Die internationale Geberkonferenz, die auf Einladung der Ägypter am Montag in Scharm el Scheich zusammenkommt, wird das Geld schon auftreiben. Finanzkrise hin oder her: Wer zahlt, sichert sich die Chance, den Einfluss Irans in dieser Region zurückzudrängen. Außenminister Frank-Walter Steinmeier (SPD) kündigte vor seinem Abflug zu der Konferenz an, Deutschland werde sich an den gemeinsamen Wiederaufbauanstrengungen "substantiell beteiligen". Nach Informationen aus Delegationskreisen hat Steinmeier ein Hilfspaket von "deutlich mehr als 100 Millionen Euro" für 2009 im Gepäck. Das Geld soll der palästinensischen Autonomieregierung zur Verfügung gestellt werden. Die USA wollen 960 Millionen Dollar in den Wiederaufbau investieren. Die EU winkt mit 436 Millionen Euro. Den Rest dürften die Saudis und arabische Staaten rüberschieben. Schon deshalb wird Israel kaum herangezogen werden, als Kriegspartei den Schaden mit zu begleichen.

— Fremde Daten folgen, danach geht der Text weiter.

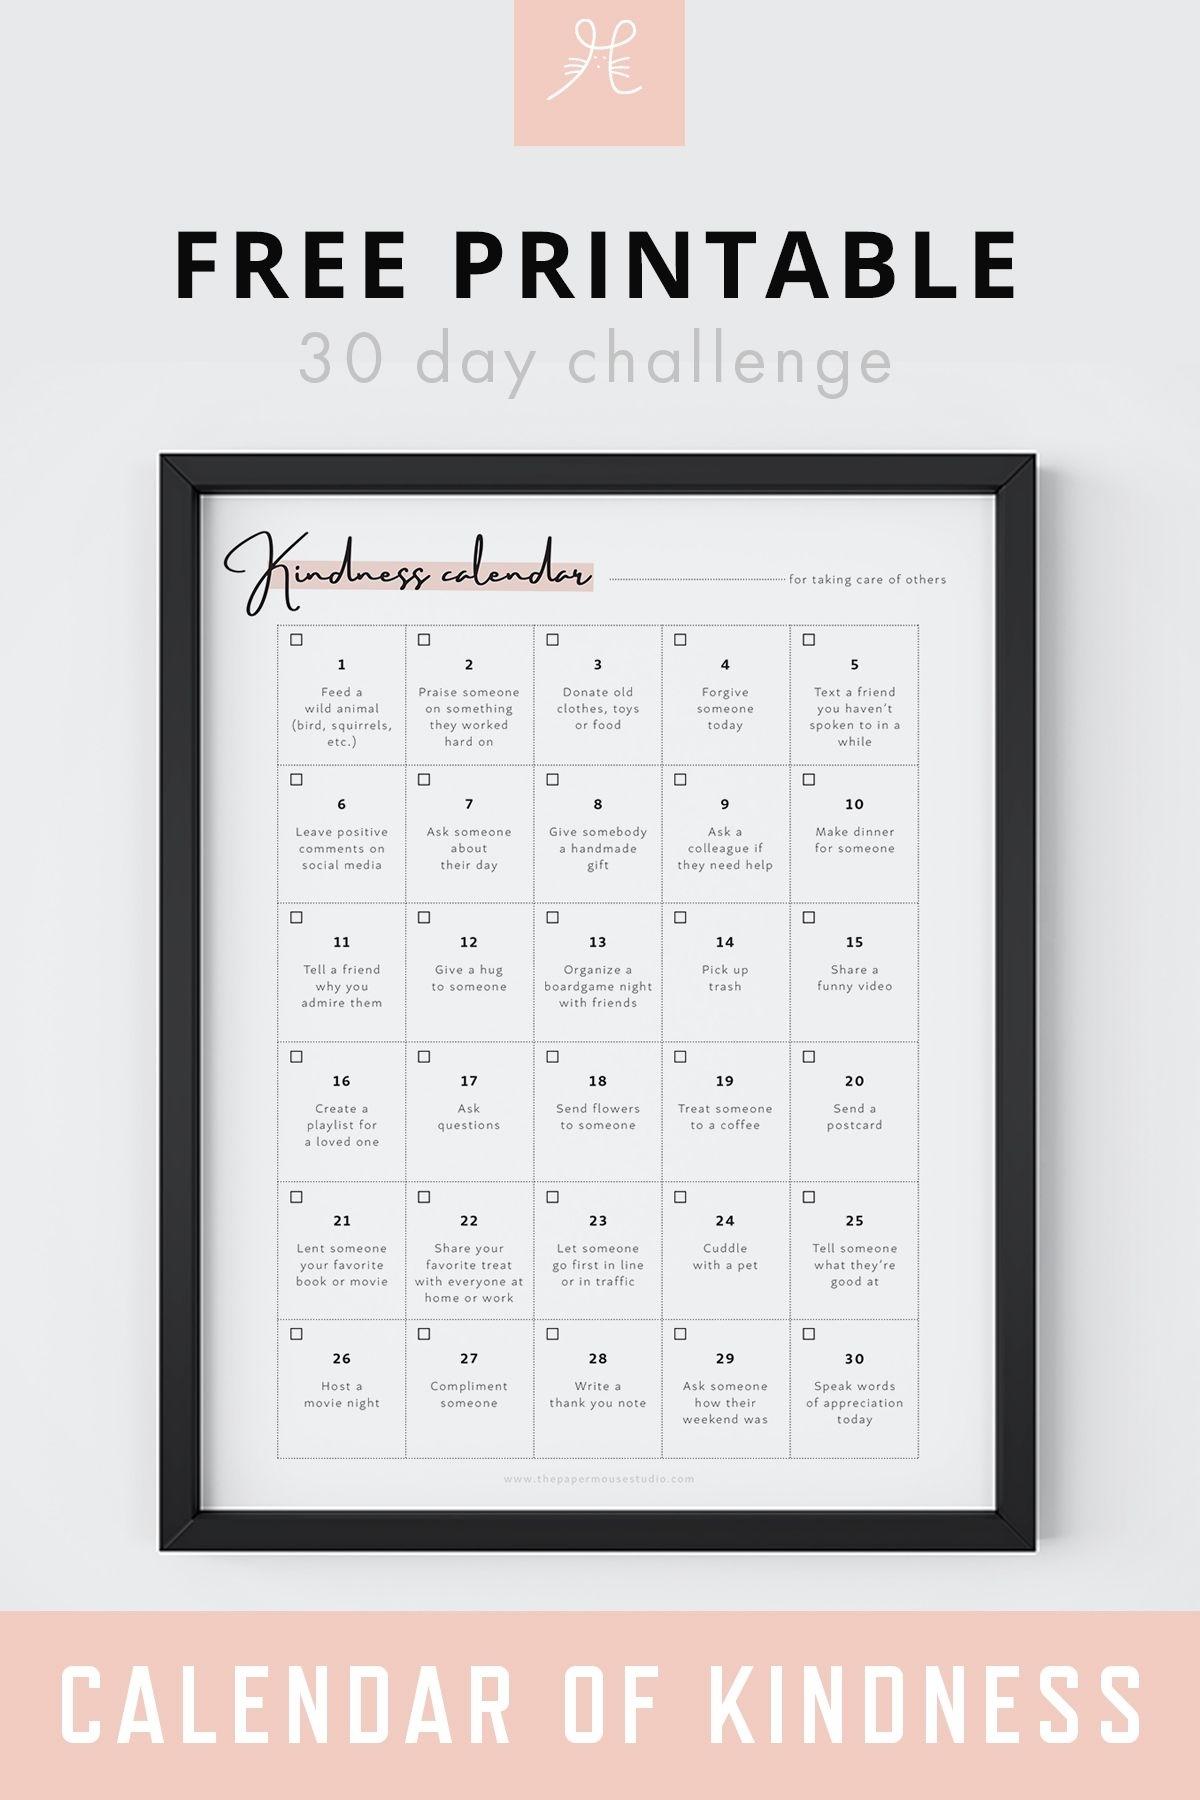 Free Printable 30 Day Challenge Calendar Of Kindness

An Geld dürfte der Wiederaufbau nicht scheitern, eher an der Umsetzung. Bislang lässt Israel nur einzeln aufgelistete Güter nach Gaza rein. Selbst Nudeln waren bisher tabu, wie der US-Demokrat John Kerry bei seinem Gaza-Besuch herausfand. Erst auf sein Betreiben hin durfte eine Spaghetti-Ladung durch. Ohne offene Grenzen für den Aufbau, langfristigen Waffenstillstand sowie eine akzeptierte Aussöhnung zwischen Hamas und Fatah hat Gaza keine Zukunft. Norwegen plant denn auch eine Folgekonferenz zu Scharm el Scheich. Spätestens dann sollen die Israelis dabei sein.

Olmert droht Palästinensern

Doch nach neuen Raketenangriffen militanter Palästinenser drohte der scheidende israelische Ministerpräsident Ehud Olmert am Sonntag mit einer harten Reaktion Israels. Er kündigte zu Beginn der wöchentlichen Kabinettssitzung eine "schmerzhafte und kompromisslose Antwort" an, sollte der Raketenbeschuss weitergehen.

In der Nacht hatten militante Palästinenser im Gazastreifen erneut eine Rakete auf Israel abgefeuert, die südlich der Küstenstadt Aschkelon einschlug. Seit Freitag seien elf Raketen auf Israel abgeschossen worden, sagte ein israelischer Armeesprecher am Sonntag. Seit Ende der blutigen israelischen Militäroffensive im Gazastreifen am 18. Januar hätten militante Palästinenser mehr als 120 Raketen auf israelisches Gebiet abgefeuert.